The long-troubled Circle in the Square theatre has returned from the dead. Theatre founder Theodore Mann and former producing director Paul Libin have announced they are looking for commercial tenants, as first reported by Variety.

"People have come to us," Libin told Playbill On-Line (Aug. 12). "We're going to make a decision very soon as to who will go in this coming season." Libin said producers of both musicals and straight plays had inquired. While he did not identify specific parties, he did confirm Variety's report that Off-Broadway's Manhattan Theatre Club has taken a look at the space. "They're interested in it, sure," he said, added that the company was evaluating the theatre as a possible permanent home.

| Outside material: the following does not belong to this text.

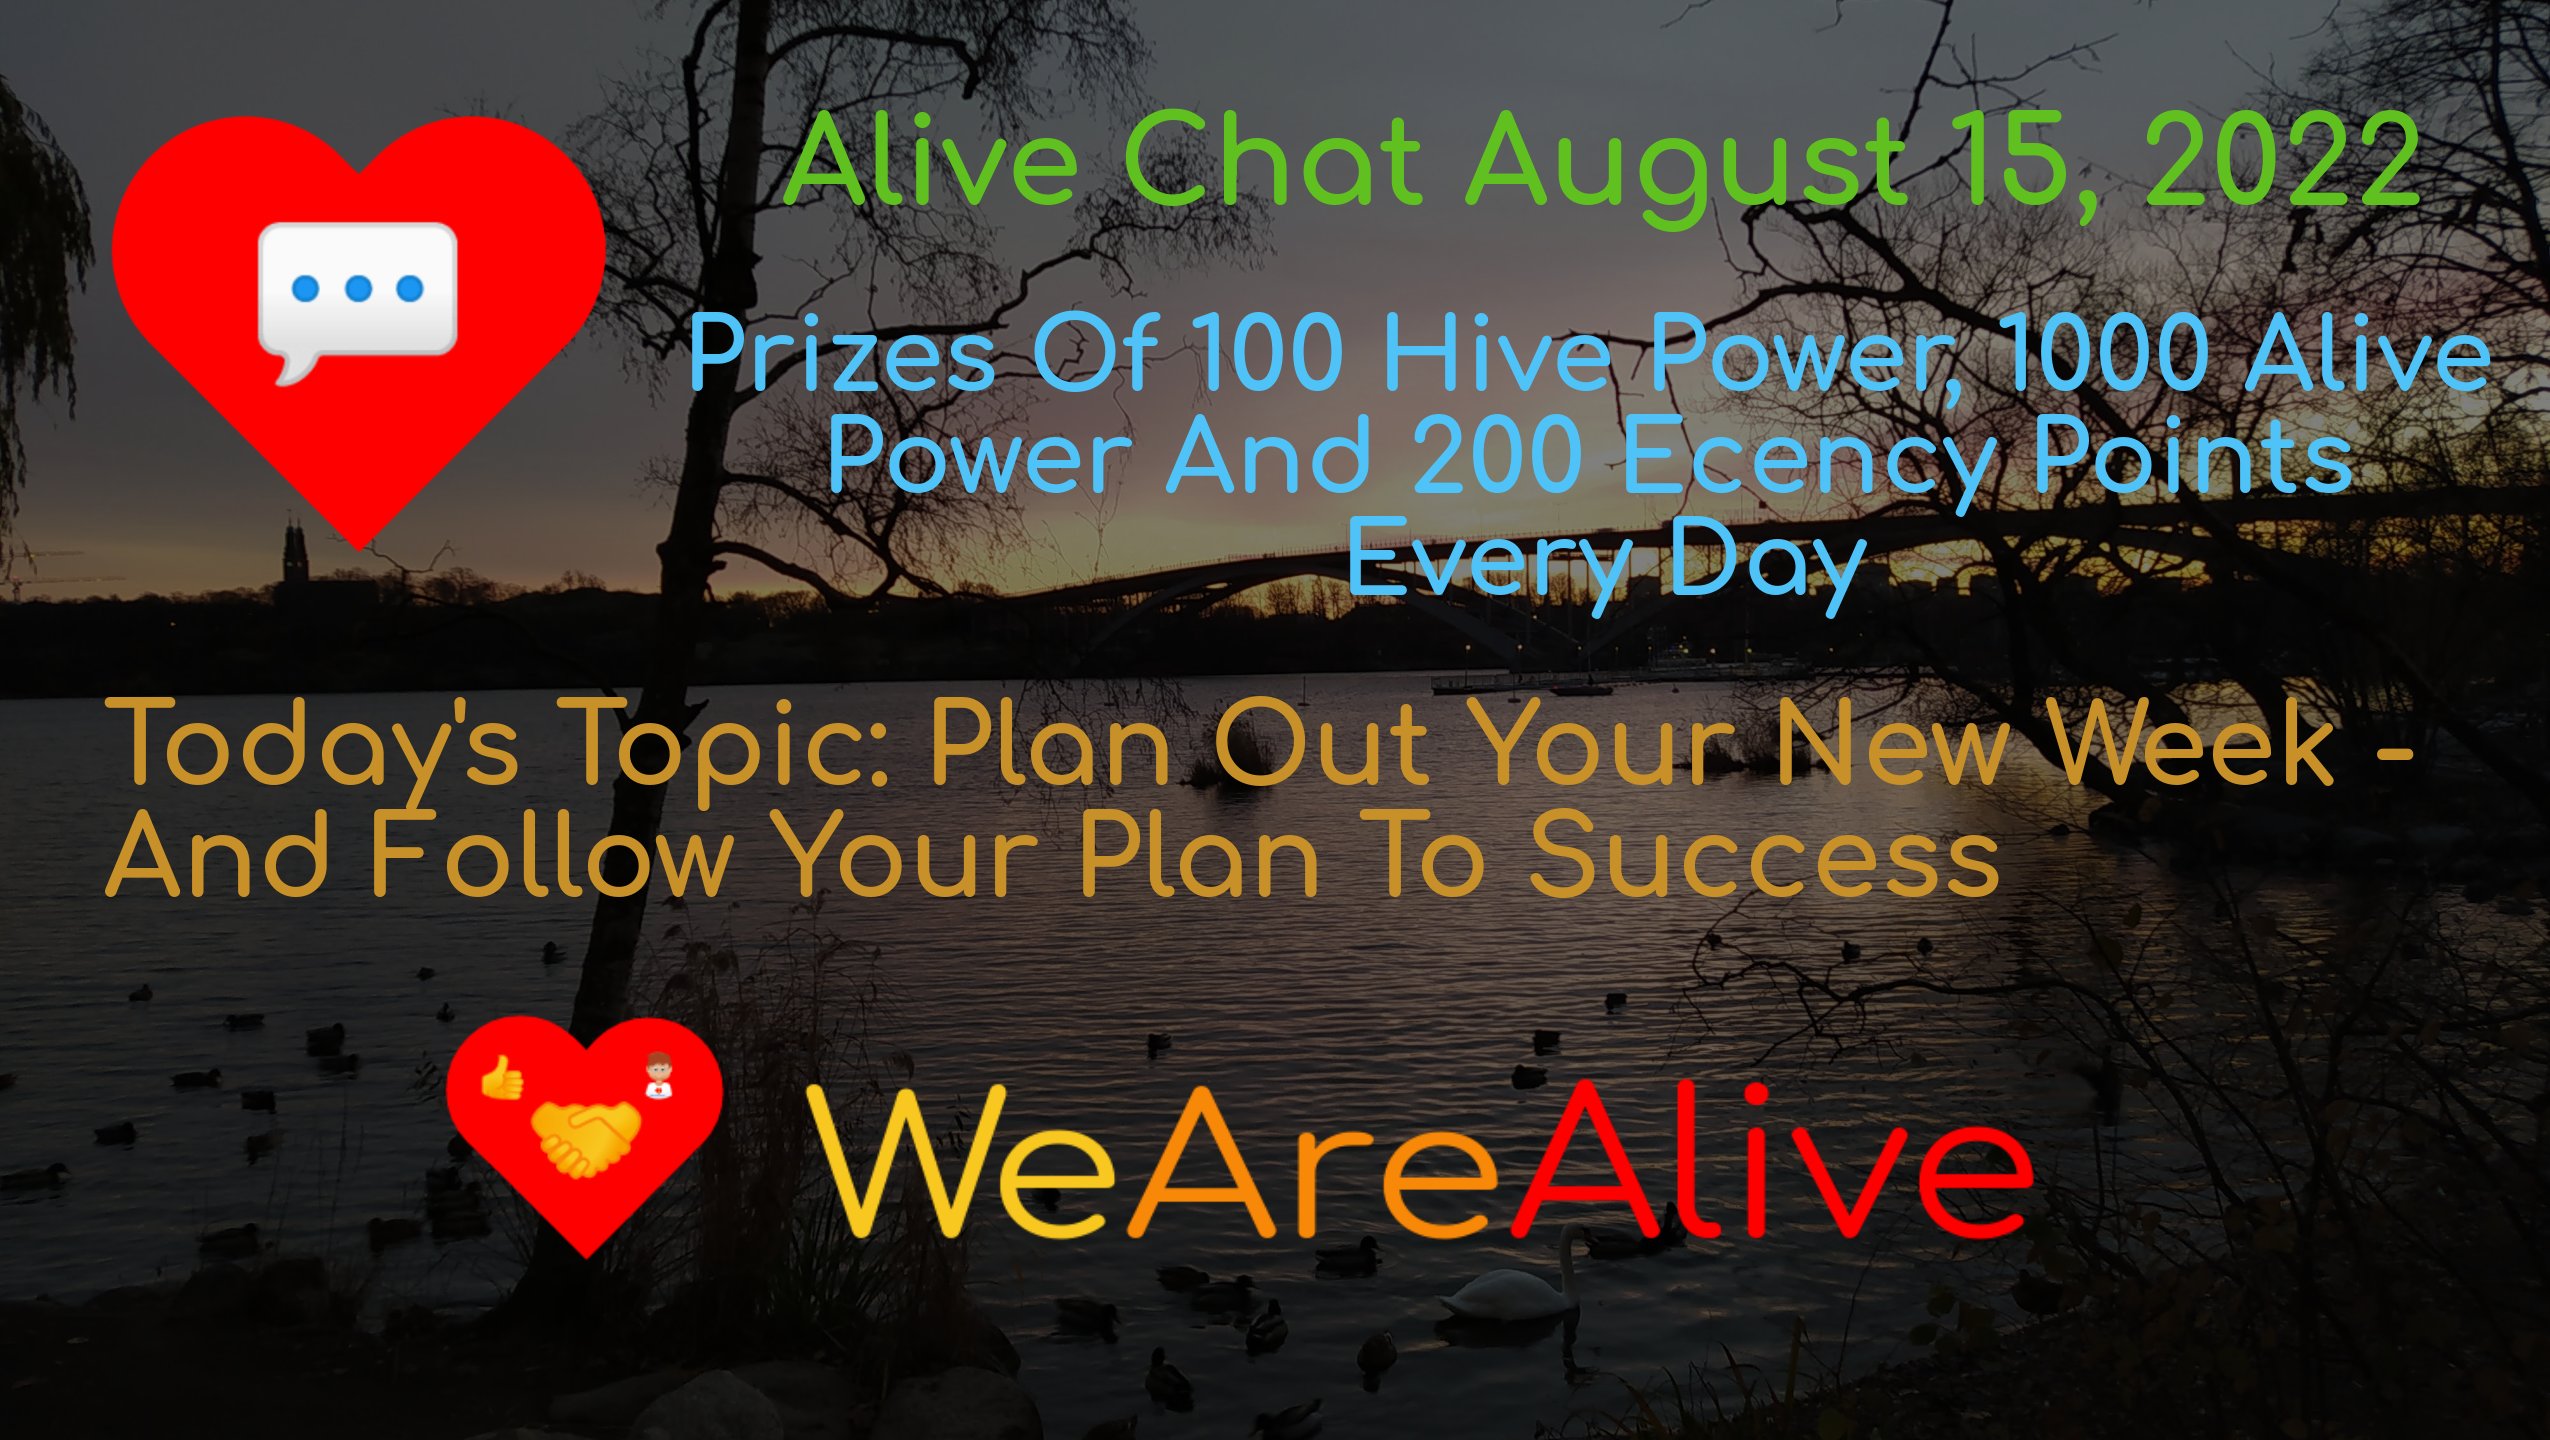 @alive.chat/alive-chat-august-15-2022-daily-prize-drawing-open-for-entries-todays-topic-plan-out-your-new-week-and-follow-your-plan-to-suc

MTC is currently situated in the City Center on West 55th St.

There were some signs of interest in the theatre earlier this summer when Houston's Alley Theatre inspected the space as a possible New York home for its production of Tennessee Williams' Not About Nightingales. Libin said he had not heard from the Alley since their initial visit.

It was rumored months ago that a commercial production of the Bat Theatre Company's Off-Off-Broadway hit Bedfellows would come to the space, but that project fell through, apparently for reasons not connected to the venue.

Circle's new lease of life follows two years of short-lived artistic administrations, bankruptcy, and a Byzantine fight over the space's lease. Last May, Tina L. Brozman, chief judge of the U.S. Bankruptcy Court in Manhattan, dismissed a case brought against Mann and Libin by a group of the theatre's creditors and left the two men in possession of the only tangible assets left from the legendary nonprofit theatre: the 1633 Broadway space itself and the company's name. The creditors committee had solicited proposals last fall from potential purchasers of the theatre, in hopes of recouping some of the $4 million in debt left when Circle closed in 1997. Standing in their way, however, were Mann and Libin, who still held the lease through their company, Thespian Theater Inc.

Much of the dispute surrounding the lease centered around a complicated 1993 transaction, in which Thespian granted a license to the Circle in the Square school for use of the premises. That same day the school granted a sub-lease to the theatre company.